Calvin Lo is a Hong Kong businessman and chief executive officer (CEO) of RE Lee International, an insurance brokerage firm based Hong Kong.

==Early life and education==
Lo was born in Vancouver, British Columbia, Canada. He studied at Queen's University and graduated in 1999.

==Career==
Early in his career, Lo worked in the investment banking division at JPMorgan from 2001 to 2002. Later, he joined his family's business, R.E. Lee International, which was founded in 1954. He also briefly served on the Jane Goodall Institute's board of trustees.

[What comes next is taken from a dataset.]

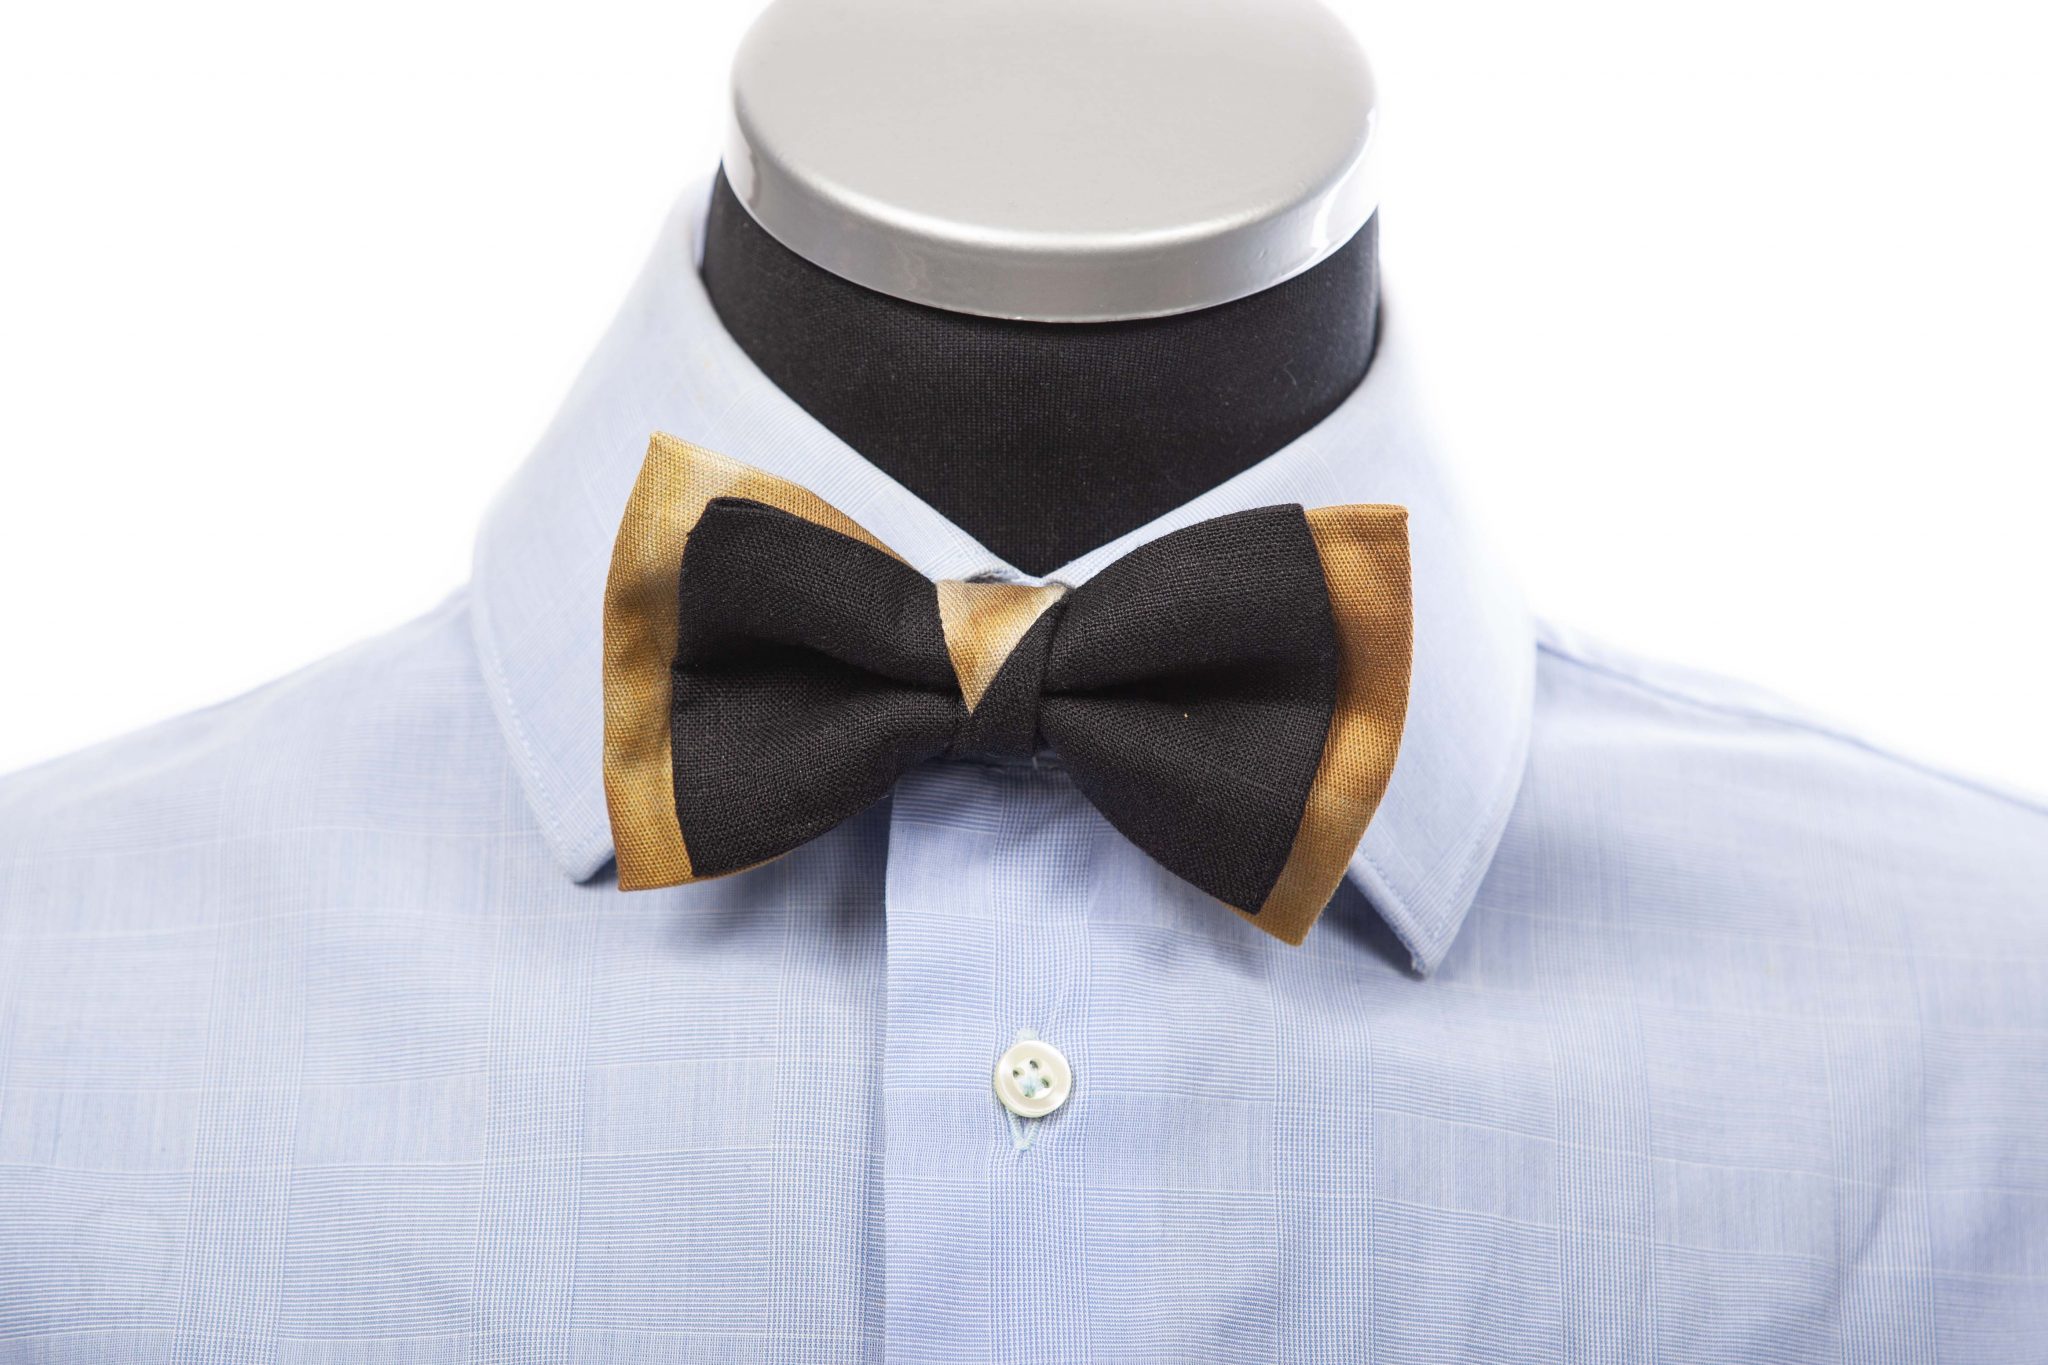 SANTA SEVERA BAY - Bow tie in black cotton and tie dye pattern - Cinzia ...

In May 2022, Lo launched an investment fund in Hong Kong named Legacy Jewellery Fund.

In July 2023, a Forbes investigation stated that it could not verify Lo's wealth or connection with Dorilton Capital and Williams, adding that representatives from those entities said they did not recognize his name. Lo refuted the claims and filed a complaint with the Royal Thai Police against the authors, alleging invasion of privacy, misrepresentation of information, and defamation.

Lo was included in Gafencu magazine's annual "Power List 300", a listing of Hong Kong’s 300 most powerful people, for four consecutive years (2021–2024).